Was würden Sie sagen ist die wichtigste Lektion, die Menschen mitnehmen?

Ich habe in all den Jahren gelernt, dass niemand allein heilen kann. Man kann eine traumatisierte Person nicht von ihrer Familie wegnehmen. Wir müssen die ganze Gemeinschaft in den Heilungsprozess einbeziehen. Wir müssen die Gemeinschaft aufklären und einbeziehen, damit sie sich gegenseitig unterstützen.

Wir brauchen Prinzipien und Ziele, auf die wir hinarbeiten.
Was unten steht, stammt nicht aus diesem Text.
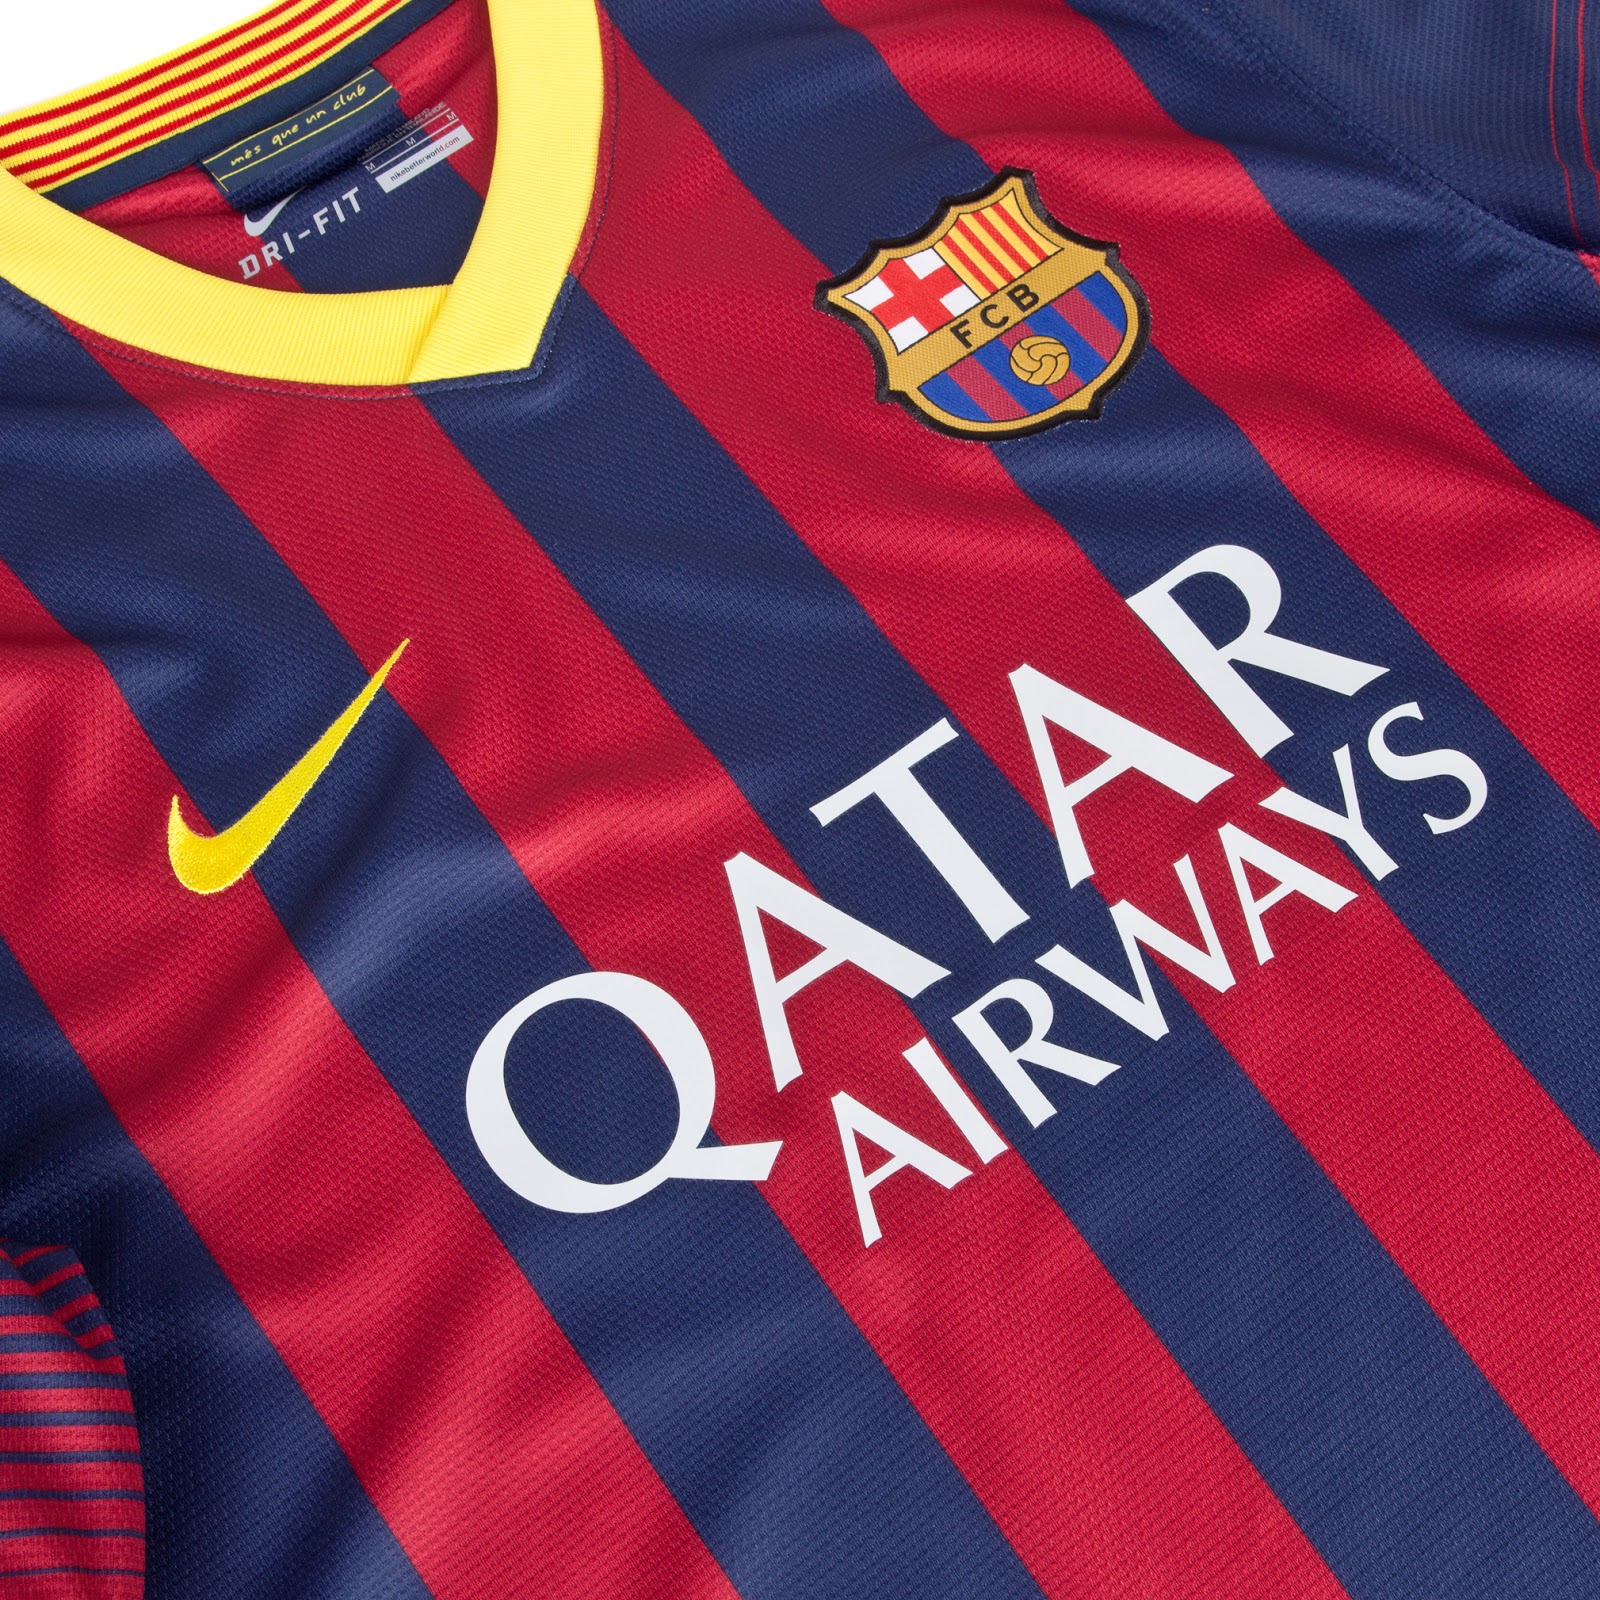 FC Barcelona 13/14 Home + Away Kits Released + Third Kit
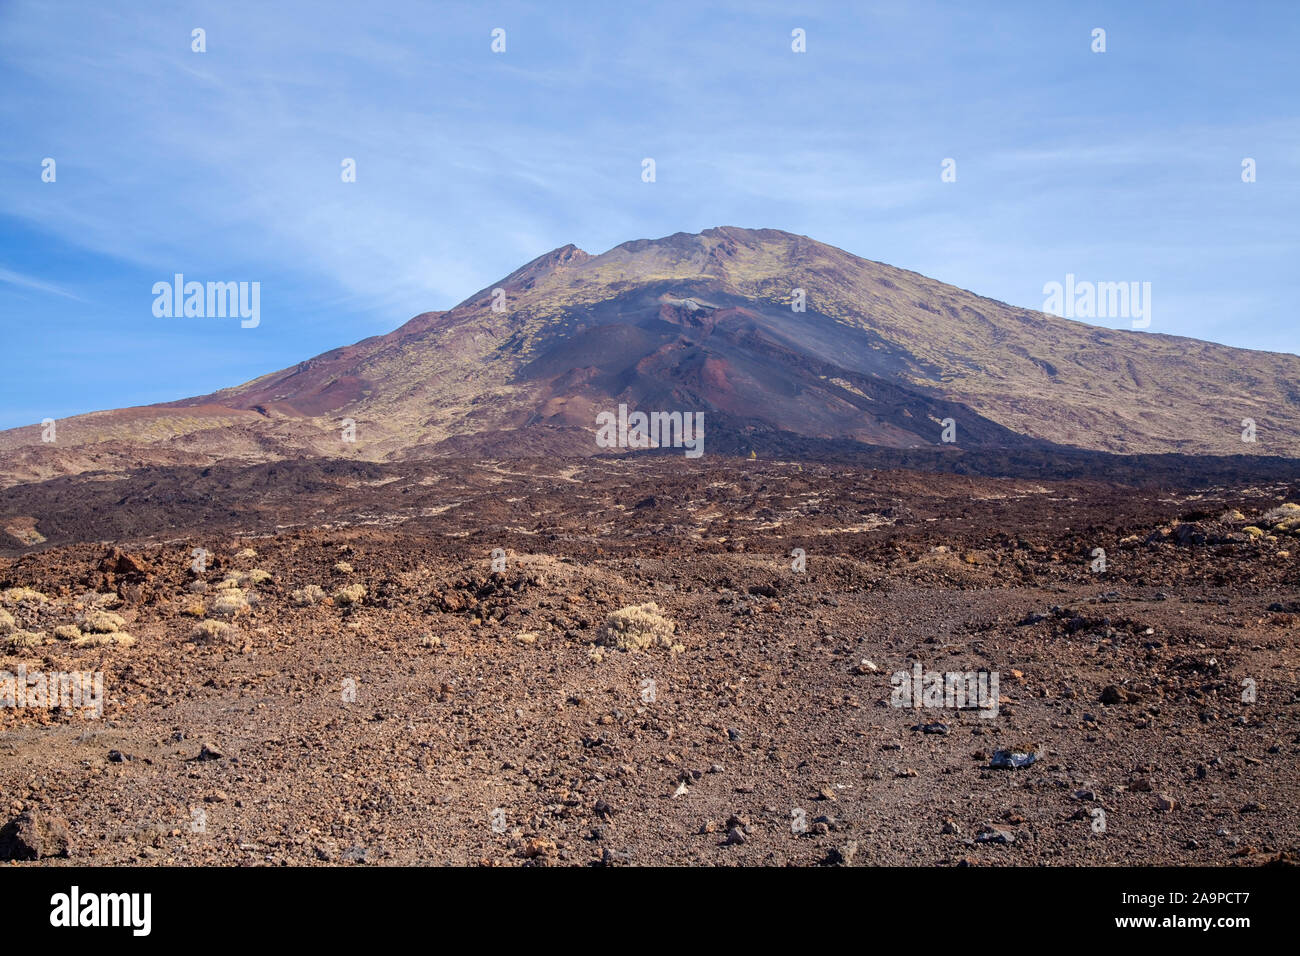 Tenerife, vue en direction de Teide Mirador Narices del Teide vue", en vue d'éléments de preuve de la dernière éruption en 1798 Banque D'Images

Diese Grundsätze für Gleichheit, Gerechtigkeit und Menschenrechte geben uns einen Sinn. Als Menschen sind wir viel erfolgreicher, wenn wir Familie, Gemeinschaft und Prinzipien haben, die uns halten können. Ich liebe die Jiyan Foundation, weil wir diese Lektionen zu Herzen nehmen und unsere Programme auf diesen Dingen basieren.